## Assignment
Using the listing below, copy exactly each line from the one that has "Faber laat mij" through the one that has "Jean Paul Gaultier Le Male Elixir"; omit the pictures.
───── Entries supplied ─────
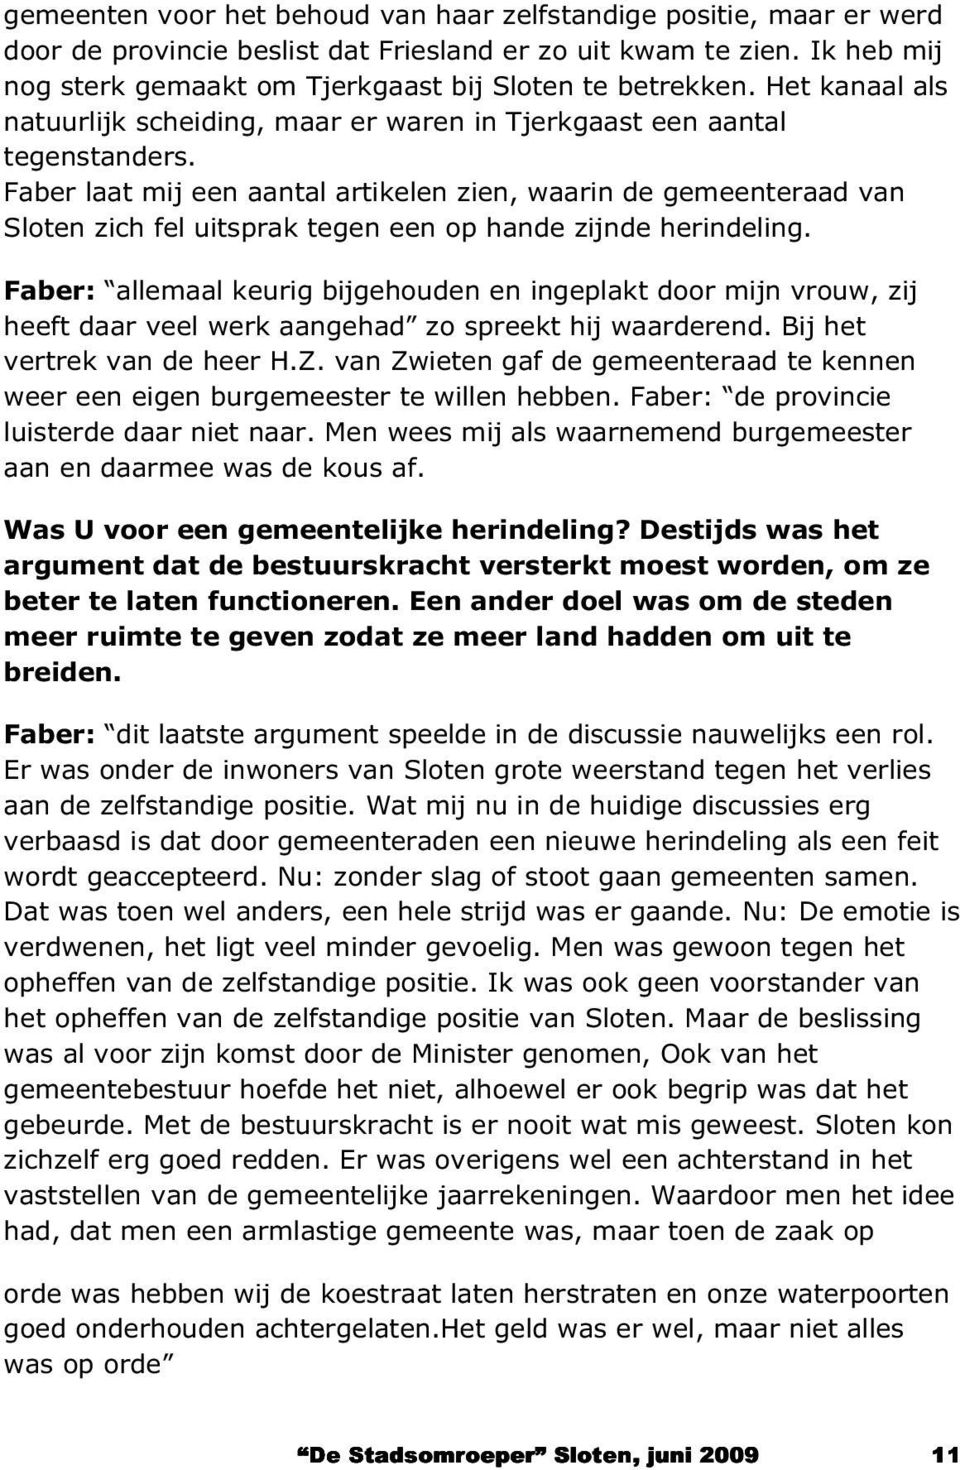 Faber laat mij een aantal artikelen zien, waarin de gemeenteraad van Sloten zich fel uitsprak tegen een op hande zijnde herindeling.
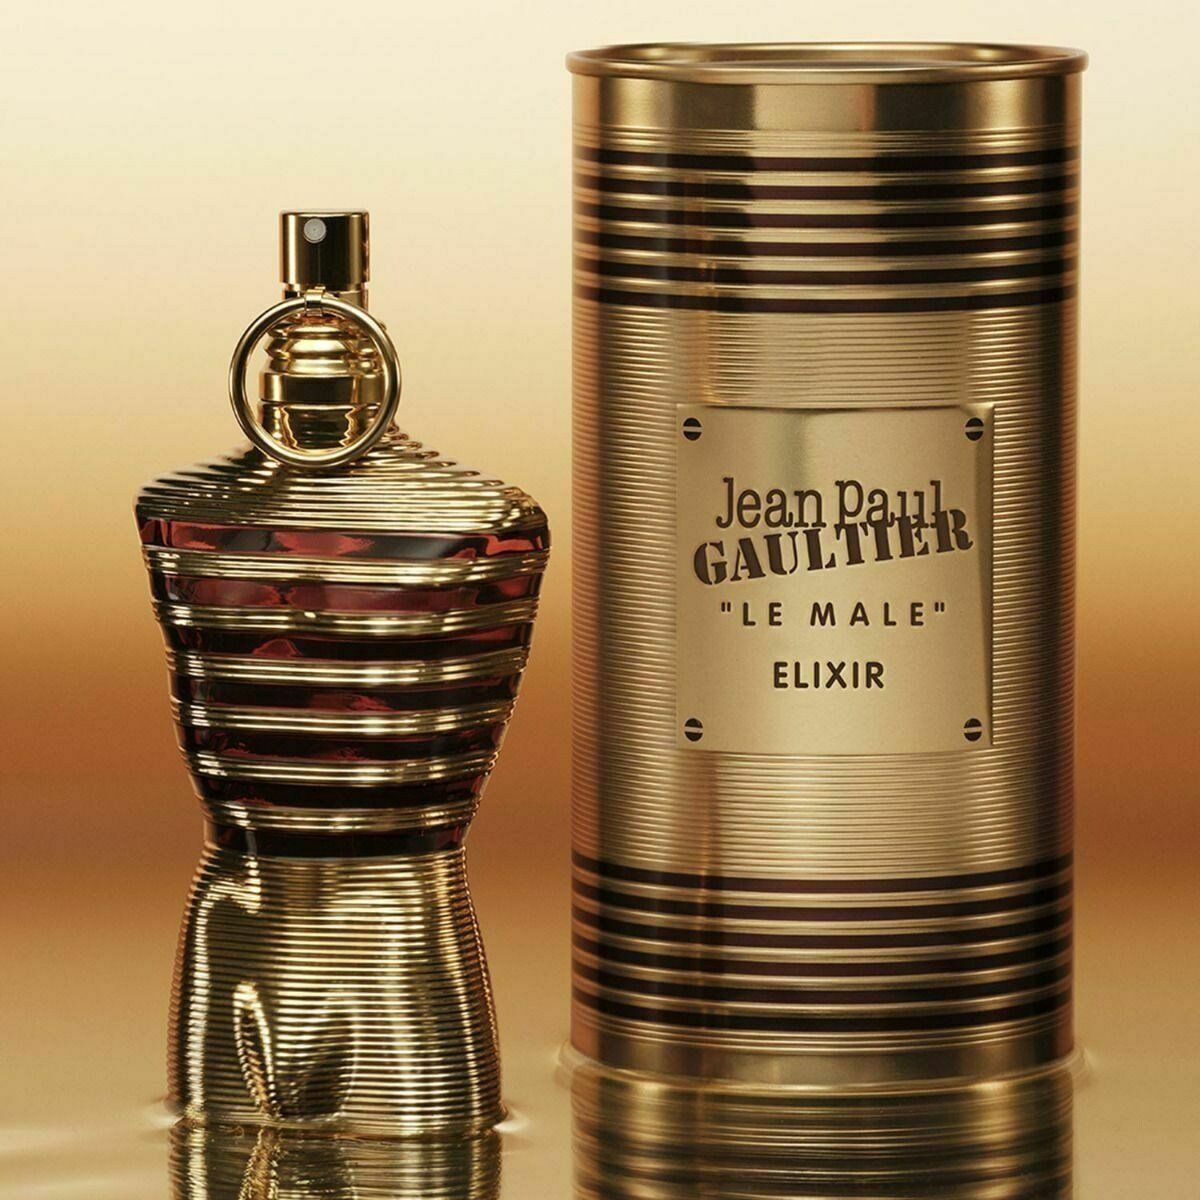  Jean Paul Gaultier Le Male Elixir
─────
───── Entries supplied ─────
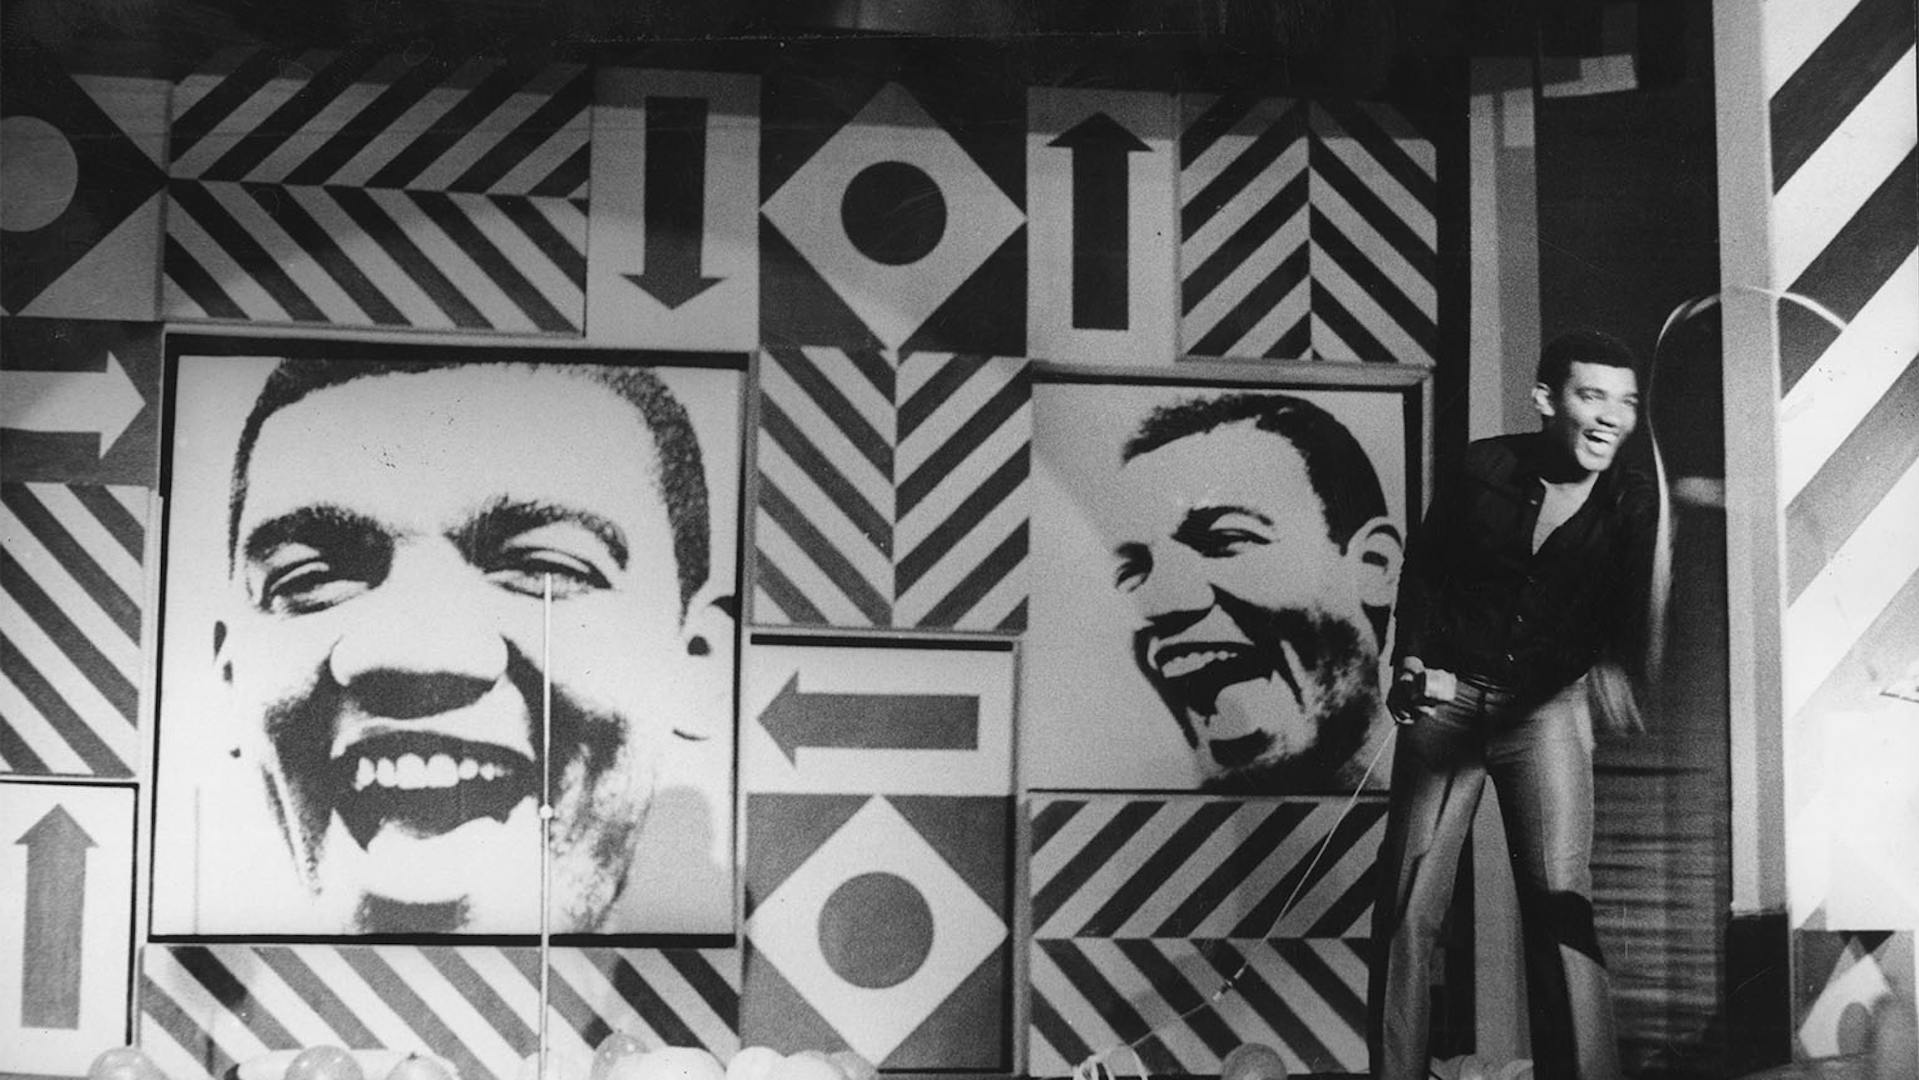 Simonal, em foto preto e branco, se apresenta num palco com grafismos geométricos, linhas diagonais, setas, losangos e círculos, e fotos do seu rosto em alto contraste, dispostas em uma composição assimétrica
─────
───── Entries supplied ─────
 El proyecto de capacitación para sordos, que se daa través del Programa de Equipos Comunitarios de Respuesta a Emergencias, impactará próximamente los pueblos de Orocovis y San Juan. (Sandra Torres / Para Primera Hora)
─────
## Answer space
 Faber laat mij een aantal artikelen zien, waarin de gemeenteraad van Sloten zich fel uitsprak tegen een op hande zijnde herindeling.
  Jean Paul Gaultier Le Male Elixir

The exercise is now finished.